_DATA PROVIDED_
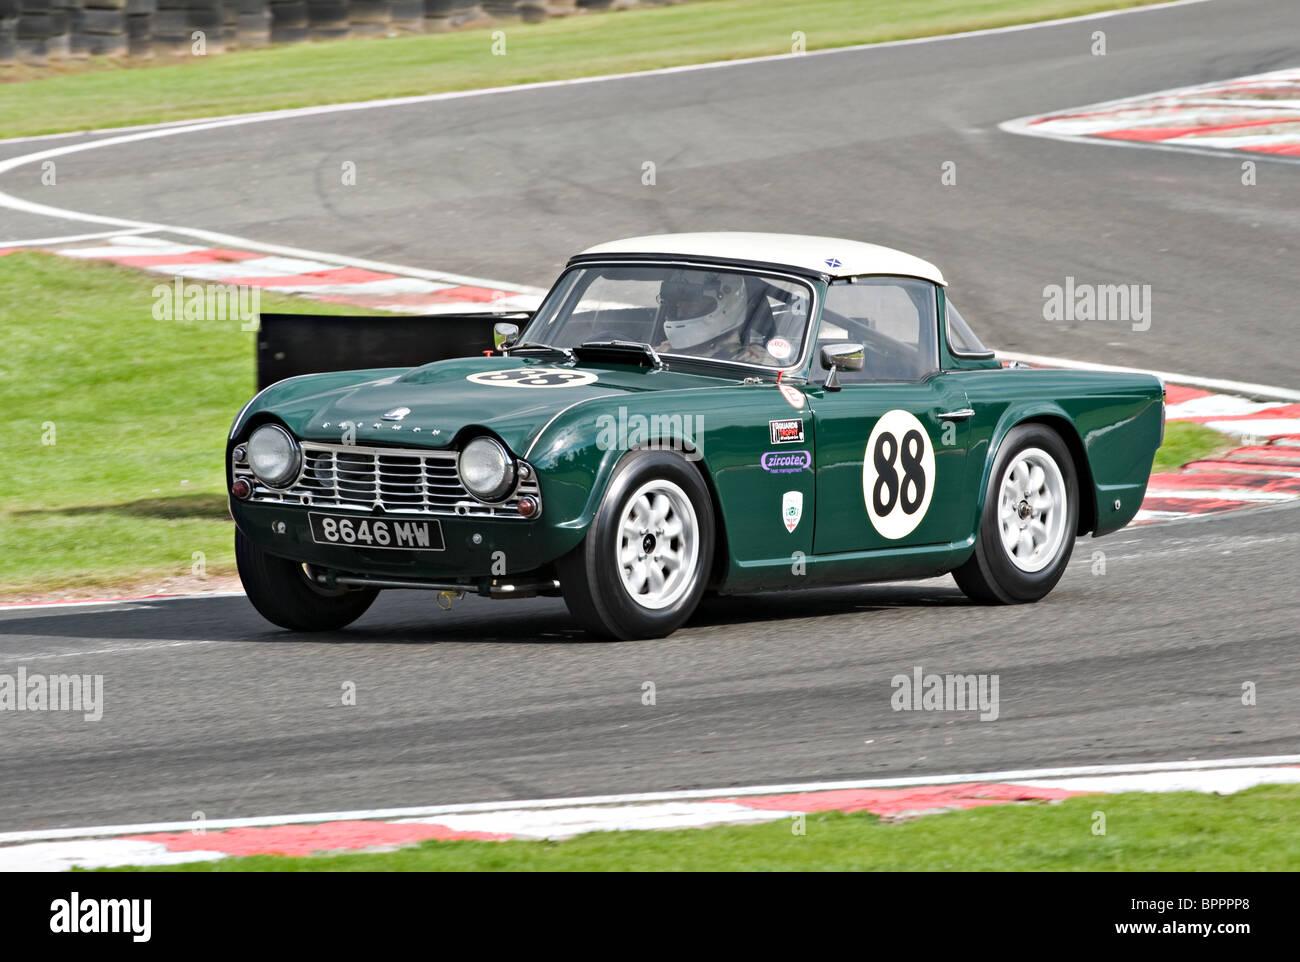 Motor Racing And Triumph Stock Photos & Motor Racing And Triumph ...
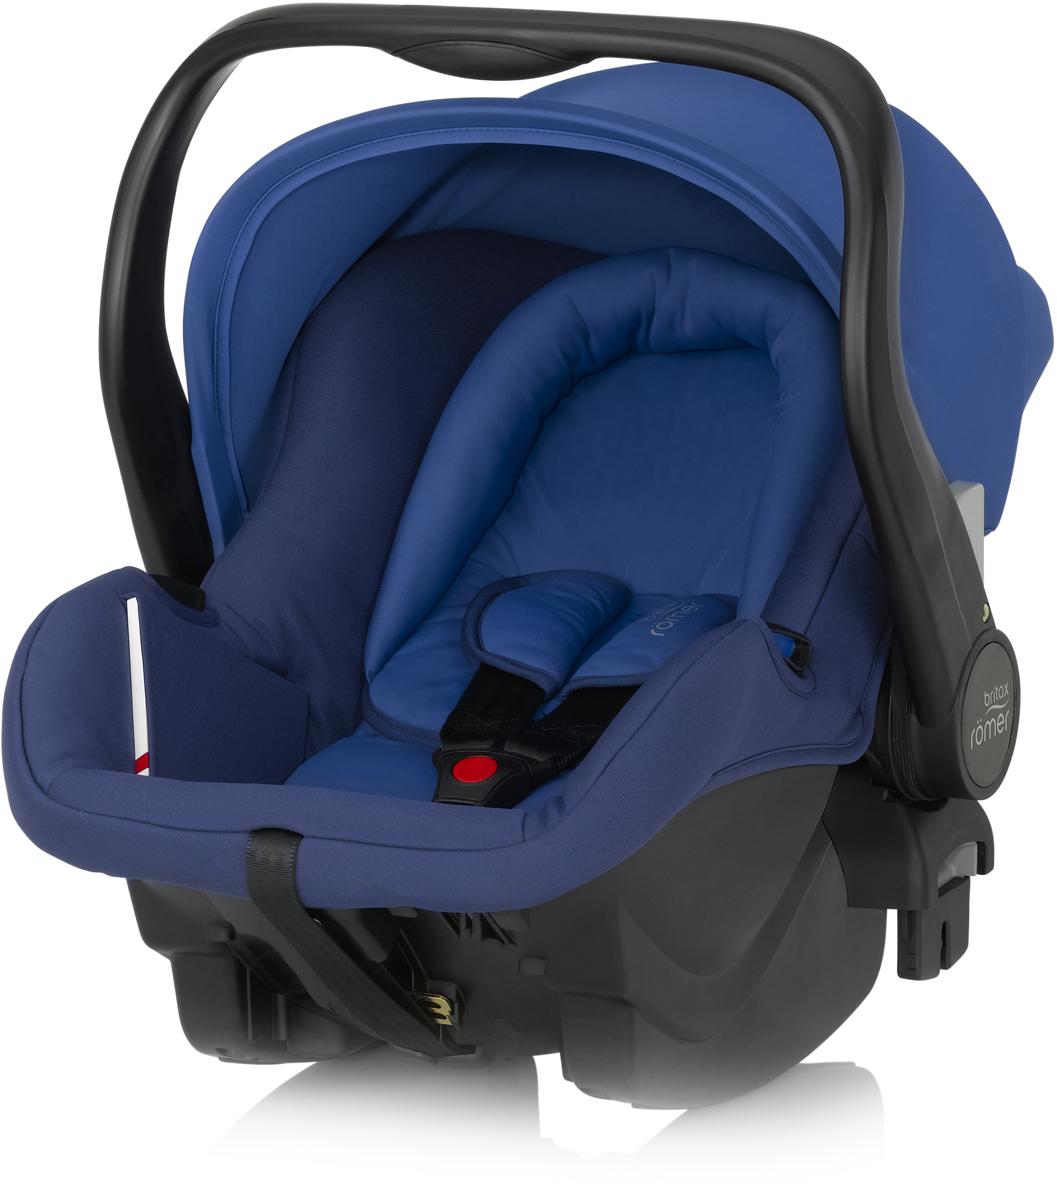 Romer Автокресло Primo Ocean Blue до 13 кг2000023039Автокресло Romer Primo группы 0+ предназначено для детей весом до 13 кг (от рождения до 12 месяцев). Автокресло было разработано для родителей, которые ценят комфорт ребенка, простоту в обращении и удобство установки в любом автомобиле. Удобная ручка для переноса, регулируемый капюшон, встроенные адаптеры для коляски, оснащенной системой CLICK & GO, вставка для новорожденных из двух частей, легкость и простота установки в автомобиле - идеальное сочетание для создания Travel System - собственной системы путешествий. Автокресло Romer Primo создано, чтобы приносить только положительные эмоции.Особенности:Внутренний 3-точечный ремень безопасности регулируется всего одним движением руки.Специальный вкладыш для новорожденных, состоящий из 2 частей (подголовника с мягкими бортиками и подушки под спину), обеспечивает комфорт и безопасность во время сна. При необходимости вынимается, увеличивая свободное пространство внутри автокресла.Совместимость с детскими колясками BRITAX, оснащенными механизмом CLICK & GO.Съемный капор для защиты от солнца и ветра с защитой от УФ-излучения 50+. Эргономичная ручка для переноски: для ношения и использования в авто; для укладывания ребенка; для надежной установки за пределами автомобиля.Быстросъемный моющийся чехол с мягкой подкладкой, не требующий расцепления ремня безопасности.Изогнутое основание для укачивания или кормления.Глубокие боковины с мягкой обивкой и плечевые накладки на внутренних ремнях для еще большего комфорта ребенка.Быстрая и простая установка с помощью 3-точечного ремня безопасности автомобиля или специальной базы PRIMO.
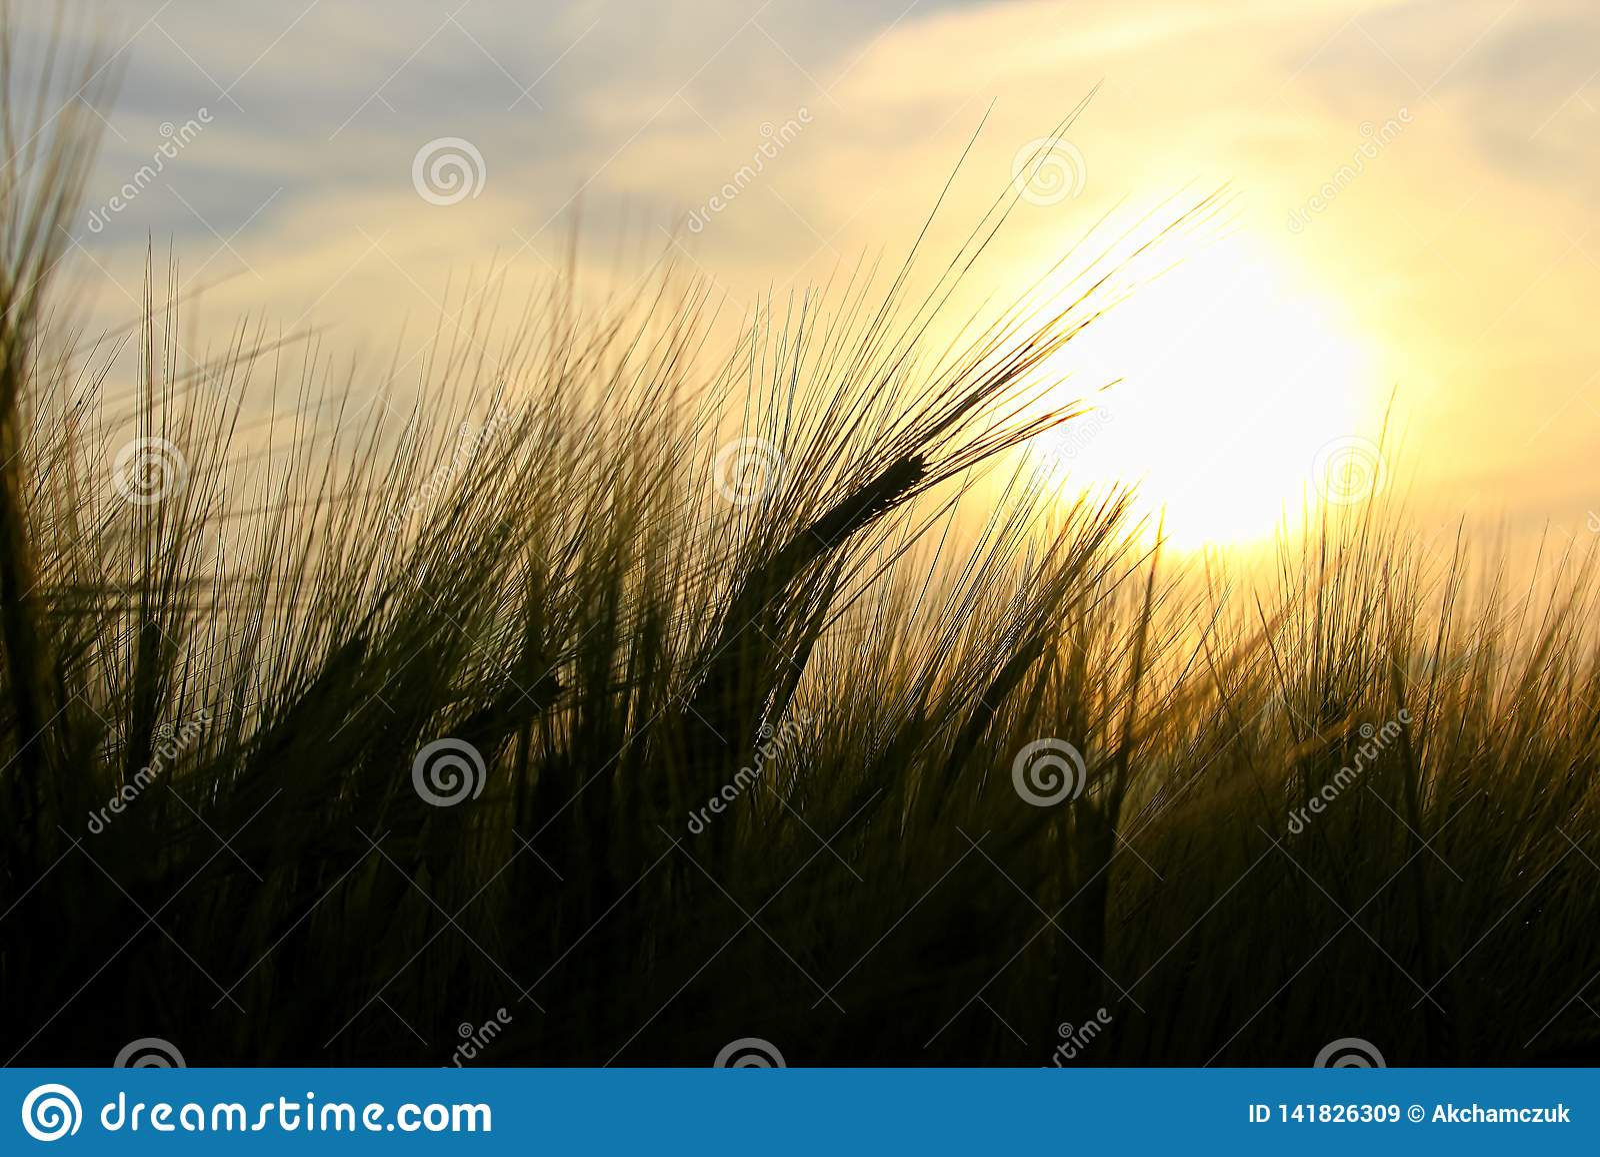 De baarden van gerst tegen een het plaatsen zon worden gesilhouetteerd die

_YOUR TASK_
Reproduce the lines above exactly, image-free.

_ANSWER BOX_
 Motor Racing And Triumph Stock Photos & Motor Racing And Triumph ...
 Romer Автокресло Primo Ocean Blue до 13 кг2000023039Автокресло Romer Primo группы 0+ предназначено для детей весом до 13 кг (от рождения до 12 месяцев). Автокресло было разработано для родителей, которые ценят комфорт ребенка, простоту в обращении и удобство установки в любом автомобиле. Удобная ручка для переноса, регулируемый капюшон, встроенные адаптеры для коляски, оснащенной системой CLICK & GO, вставка для новорожденных из двух частей, легкость и простота установки в автомобиле - идеальное сочетание для создания Travel System - собственной системы путешествий. Автокресло Romer Primo создано, чтобы приносить только положительные эмоции.Особенности:Внутренний 3-точечный ремень безопасности регулируется всего одним движением руки.Специальный вкладыш для новорожденных, состоящий из 2 частей (подголовника с мягкими бортиками и подушки под спину), обеспечивает комфорт и безопасность во время сна. При необходимости вынимается, увеличивая свободное пространство внутри автокресла.Совместимость с детскими колясками BRITAX, оснащенными механизмом CLICK & GO.Съемный капор для защиты от солнца и ветра с защитой от УФ-излучения 50+. Эргономичная ручка для переноски: для ношения и использования в авто; для укладывания ребенка; для надежной установки за пределами автомобиля.Быстросъемный моющийся чехол с мягкой подкладкой, не требующий расцепления ремня безопасности.Изогнутое основание для укачивания или кормления.Глубокие боковины с мягкой обивкой и плечевые накладки на внутренних ремнях для еще большего комфорта ребенка.Быстрая и простая установка с помощью 3-точечного ремня безопасности автомобиля или специальной базы PRIMO.
 De baarden van gerst tegen een het plaatsen zon worden gesilhouetteerd die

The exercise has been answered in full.